参考回图1，当提取地址142出现于分支目标地址快取128时，分支目标地址快取128将信息提供至提取单元104、指令解码器106、返回堆栈132以及控制逻辑电路134。仔细而言，分支目标地址快取128将作为预测分支目标地址146的分支目标地址预测304提供至提取单元104，并且将方向预测306与分支指令型式308提供至控制逻辑电路134。此外，分支指令型式308沿着具有分支指令的管线传递，并且执行单元122随后将分支指令型式308提供至更新逻辑电路136以便执行分支目标地址快取128的替换策略，细节将在以下做进一步说明。Referring back to FIG. 1 , branchtarget address cache 128 provides information to fetchunit 104 ,instruction decoder 106 , returnstack 132 , andcontrol logic 134 when fetchaddress 142 appears in branchtarget address cache 128 . Specifically, branchtarget address cache 128 provides branchtarget address prediction 304 as predictedbranch target address 146 to fetchunit 104 , and provides direction prediction 306 and branch instruction pattern 308 to controllogic circuit 134 . In addition, branch instruction version 308 is passed along the pipeline with the branch instruction, andexecution unit 122 then provides branch instruction version 308 to updatelogic circuit 136 in order to implement the replacement strategy of branchtarget address cache 128, which will be described in further detail below. .

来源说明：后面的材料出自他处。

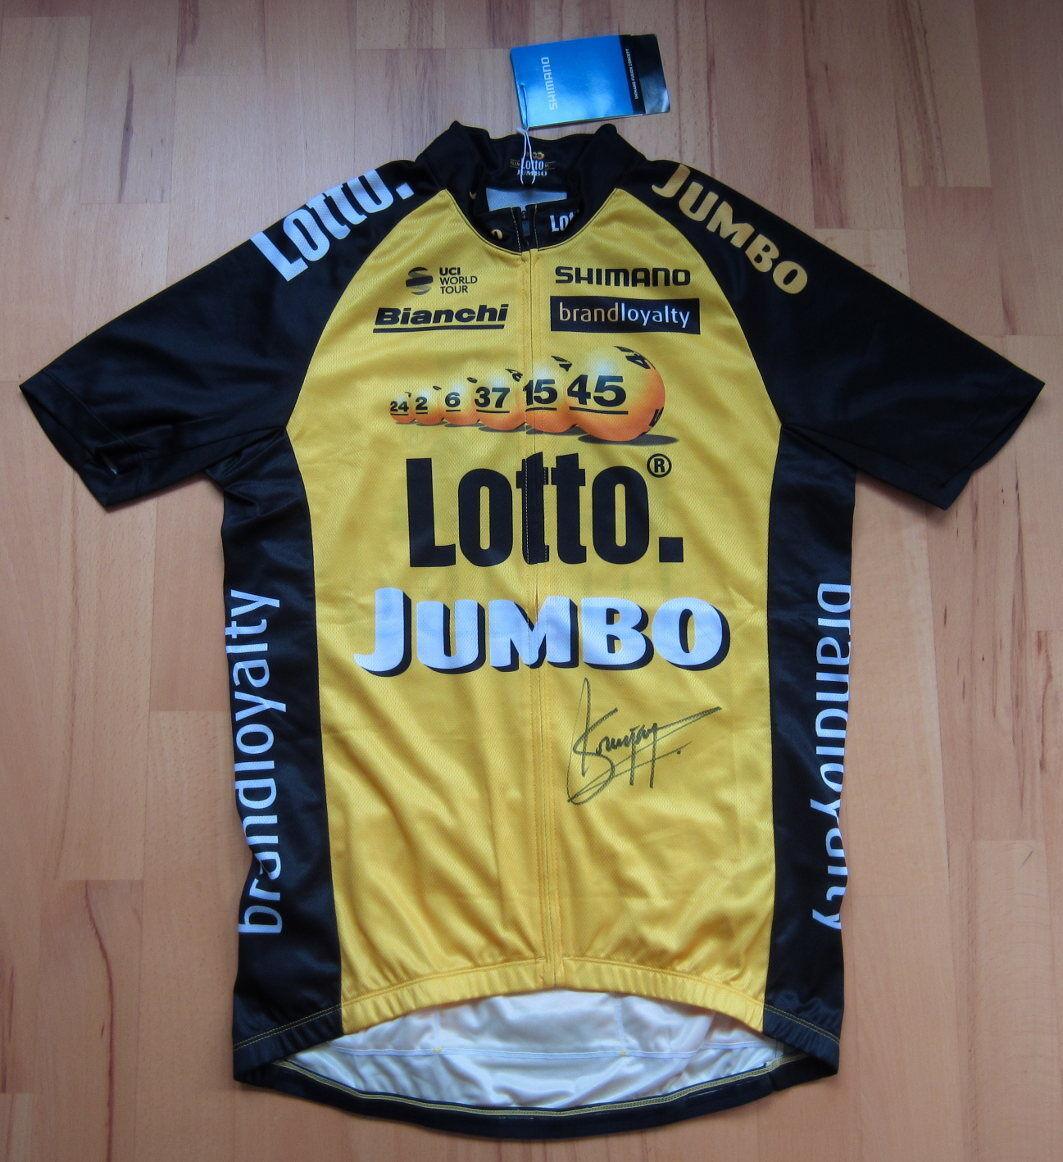 Steven Kruijswijk-firmado 2017 lottonl-Jumbo Jersey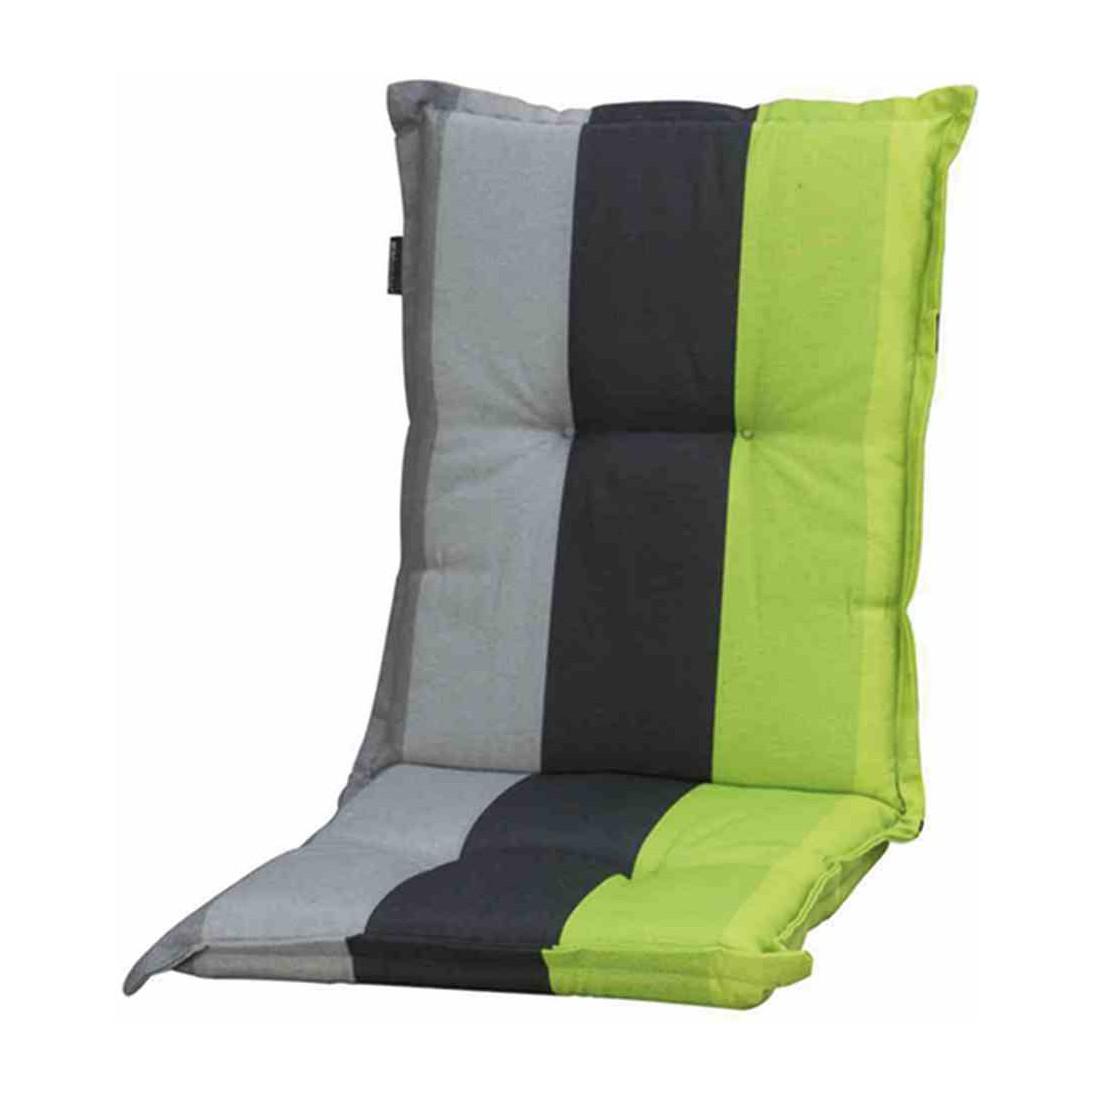 Kussen voor lage ligstoel Lars lime - geweven stof - groen/grijs, Madison

返回堆栈132用以储存由呼叫指令产生的返回地址。当分支目标地址快取128显示提取地址142所指定的部分快取线202包含一呼叫指令时，返回堆栈132将具有一返回地址。当分支目标地址快取128显示提取地址142所指定的部分快取线202包含一返回指令时，返回堆栈132将预测返回地址148提供至提取单元104。Thereturn stack 132 is used to store the return address generated by the call instruction. When the branchtarget address cache 128 indicates that the partial cache line 202 specified by the fetchaddress 142 contains a call instruction, thereturn stack 132 will have a return address. Thereturn stack 132 provides the predictedreturn address 148 to the fetchunit 104 when the branchtarget address cache 128 indicates that the partial cache line 202 specified by the fetchaddress 142 contains a return instruction.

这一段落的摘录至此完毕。